Preferably, the display unit comprises a first display subunit and/or a second display subunit,
the first display subunit is configured to, according to the order of the names of the character encoding formats corresponding to the recognition results, perform sorting display on the obtained recognition results in the first display area of the target document;
and the second display subunit is used for sequencing and displaying the obtained recognition results in the first display area of the target document according to the general degree of the character coding formats corresponding to the recognition results.
Preferably, the display unit is specifically configured to:
and displaying each obtained recognition result and the character coding format name corresponding to each recognition result in a first display area of the target document.
The method and the device for displaying the character coding recognition result provided by the embodiment of the invention can display the recognition result in the specific display area of the target document to a user at one time after obtaining the recognition results of a plurality of different character coding formats. The invention does not need the user to repeatedly operate as the prior art, so the invention is convenient for the user to check and compare the recognition results of different character coding formats, reduces the user operation and saves the user time.
Detailed Description
The technical solutions in the embodiments of the present invention will be clearly and completely described below with reference to the drawings in the embodiments of the present invention, and it is obvious that the described embodiments are only a part of the embodiments of the present invention, and not all of the embodiments. All other embodiments, which can be derived by a person skilled in the art from the embodiments given herein without making any creative effort, shall fall within the protection scope of the present invention.
Referring to fig. 1, fig. 1 is a schematic flow chart illustrating a method for displaying a character encoding recognition result according to an embodiment of the present invention, which may include the following steps:
s101, selecting a first character subset of all character contents of a target document;
to determine whether a character encoding format is the correct character encoding format, it is often determined that only a portion of the content of the target document needs to be identified. If the correct character encoding format is selected, the identified content will not contain a garbled code; if the selected character encoding format is incorrect, the recognized result will consist essentially of garbled codes. Therefore, in order to reduce the amount of computation and improve the efficiency, in this step, except that the entire content may be selected as the first character subset in the case where the target document is very short, generally, a part of the content of the target document may be selected first and identified in the subsequent step.
One preferred specific implementation manner of the step is as follows: a first number of characters is selected as a first subset, starting with a first character in the total content of the target document.
A portion of the content of the document is selected, typically starting with the first character at the beginning of the document, and a certain number of characters are selected, such as 100 characters.

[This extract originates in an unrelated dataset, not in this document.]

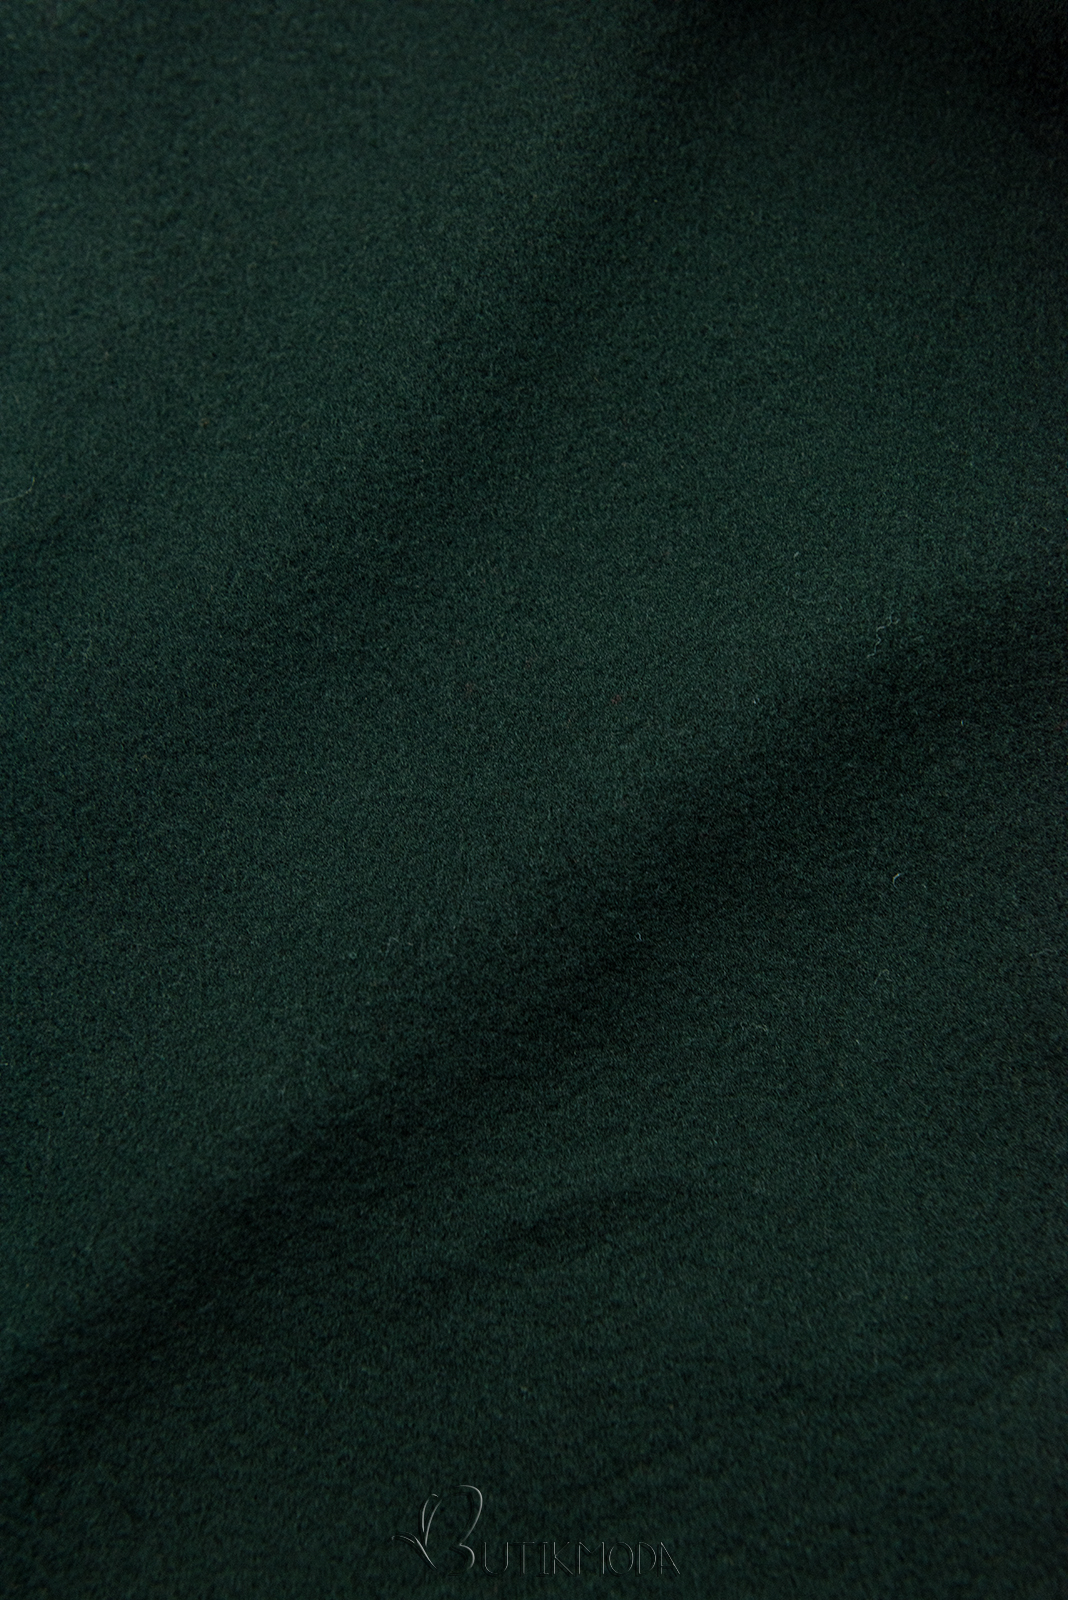 Hanorac lung verde smarald cu glugă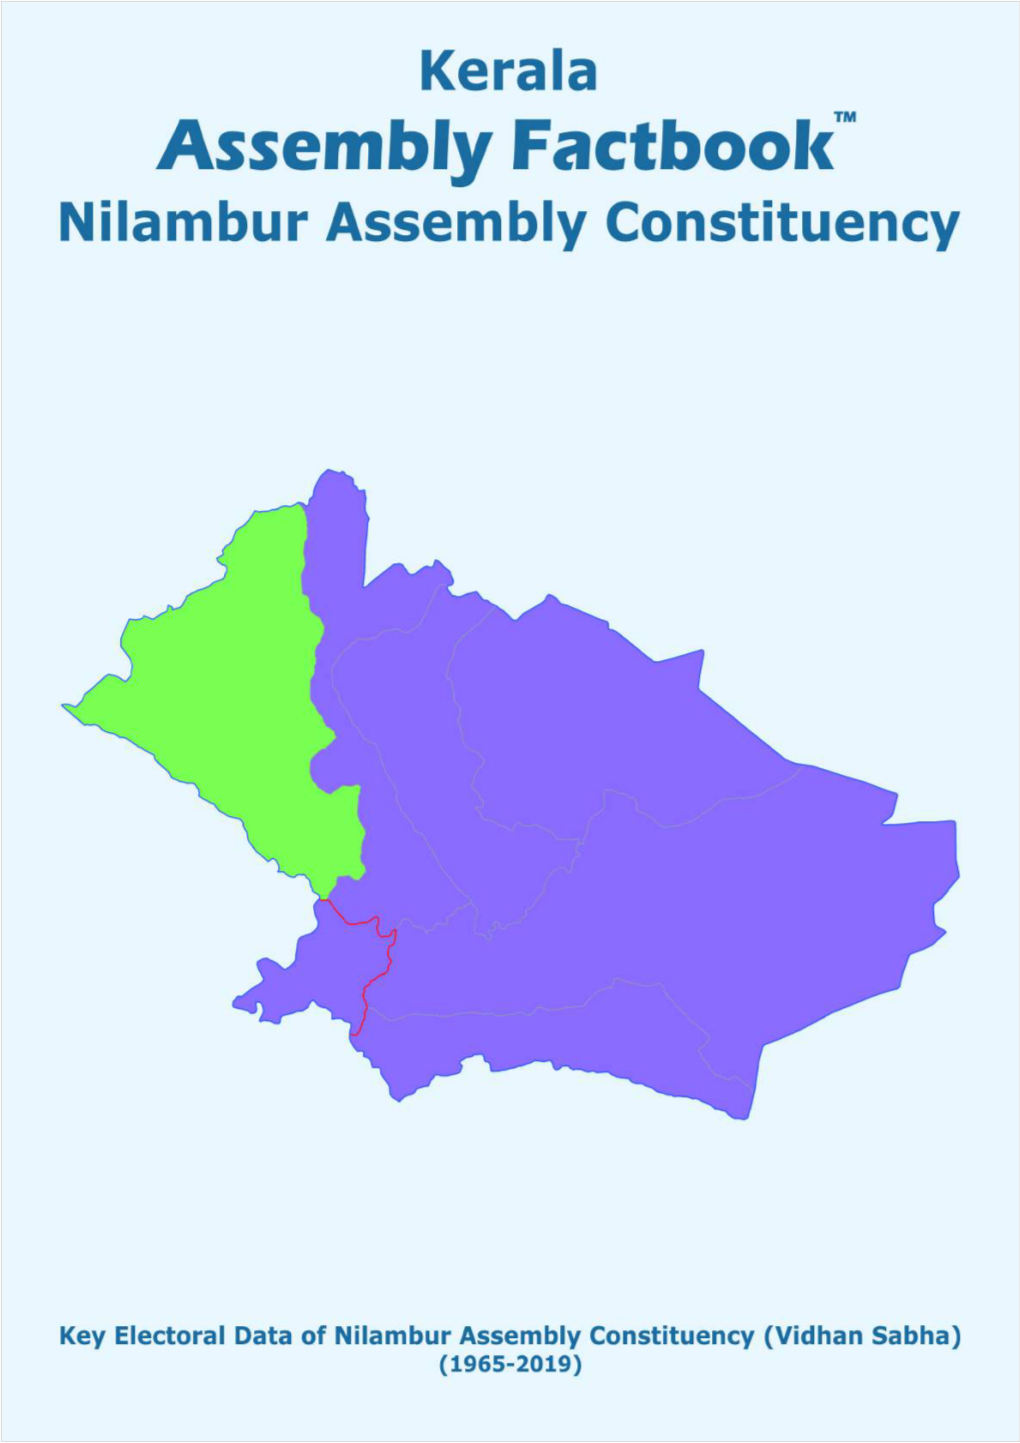 Nilambur Assembly Kerala Factbook | Key Electoral Data

Not only the number of characters to be selected is not too large, but also the number of characters to be selected is reduced and the efficiency is improved, and also in the case of too many selected contents, each recognition result naturally becomes very long, so that dozens of recognition effects are displayed in a concentrated manner, and the whole recognition result becomes very long, which is not favorable for the user to browse and select.
Occasionally, several similar character encoding formats may occur, and since they contain substantially the same character sets, it may happen that when one of the character encoding formats is able to recognize most or all of the characters in the first subset of characters, the other similar character encoding formats are also able to do so. To facilitate the user's convenience in handling such a situation, the user may be provided with an instruction button that enables the user to quickly increase the value of the first number to make the best choice among the approximated character encoding formats.
S102, recognizing the selected first character subset by adopting a plurality of character coding formats to obtain a plurality of recognition results, wherein each recognition result is obtained by recognizing the character in one character coding format;
after part of the contents of the target document have been selected in S101, the selected contents are identified using various alternative character encoding formats. Due to the existence of multiple languages and multiple encoding methods, hundreds of common encoding formats exist. With each character encoding format, a recognition result is obtained, wherein, of course, the recognition result obtained by most character encoding formats is messy code. The recognition results are displayed to the user in the form of continuous recognition result blocks, so that the user can quickly view and select the recognition results.
S103, displaying each obtained recognition result in a first display area of the target document.
One recognition result is obtained for each character encoding format, so that many, possibly up to several tens, recognition results are obtained through step S102. And displaying the recognition results in a certain area different from the text display area of the target document in a continuous and mutually distinguishable mode in a centralized way for a user to select. The user can manually select the recognition result which does not contain the messy codes or contains less messy codes. The centralized display mode can be a window, the side of the window is provided with a scroll bar, and a user can conveniently browse the identification results which are arranged in series through mouse or keyboard operation. Moreover, two recognition results displayed in succession can adopt different display colors, and a certain gap and/or boundary line is arranged between the two recognition results, so that a user can still clearly distinguish different recognition result display blocks in the process of scrolling and browsing.
Moreover, a specific implementation manner of S103 in the embodiment of the method may be: and displaying each obtained recognition result and the character coding format name corresponding to each recognition result in a first display area of the target document.
Further, this approach may be specifically: and displaying the character code name corresponding to the recognition result in a bold mode above the display block of each recognition result. Therefore, the user can immediately know which character coding format the recognition result is recognized by when browsing each recognition result, and can immediately know which correct coding format the target document to be recognized is if the user finds that the recognition result is ideal (does not contain or does not basically contain messy codes).
Once the user considers that an ideal or more ideal recognition result is found in the plurality of recognition results, on the basis of the embodiment shown in fig. 1, the embodiment of the method may further include:
receiving a selection instruction of a user for the first recognition result;
identifying all character contents in the target document by using a character coding format corresponding to the first identification result selected by the user to obtain an overall identification result;
and displaying the overall recognition result in a text display area of the target document.
The implementation mode is that a user can click a certain recognition result or a character coding format name displayed corresponding to the recognition result in the process of browsing each recognition result, the embodiment of the method receives a click instruction of the user, recognizes all contents of the target document by using the character coding format corresponding to the user instruction, and displays the recognition result of all the contents as an integral recognition result in the text display area of the target document.
The user can turn to browse and view the whole recognition result of the target document, if the user is satisfied with the recognition result, the display window of the recognition result can be closed, and the recognition of the target document is finished. If the user still feels unsatisfied with the overall recognition result after viewing, the user can continue to view the recognition result in the display window until the correct character coding format is selected and the ideal overall recognition result is obtained.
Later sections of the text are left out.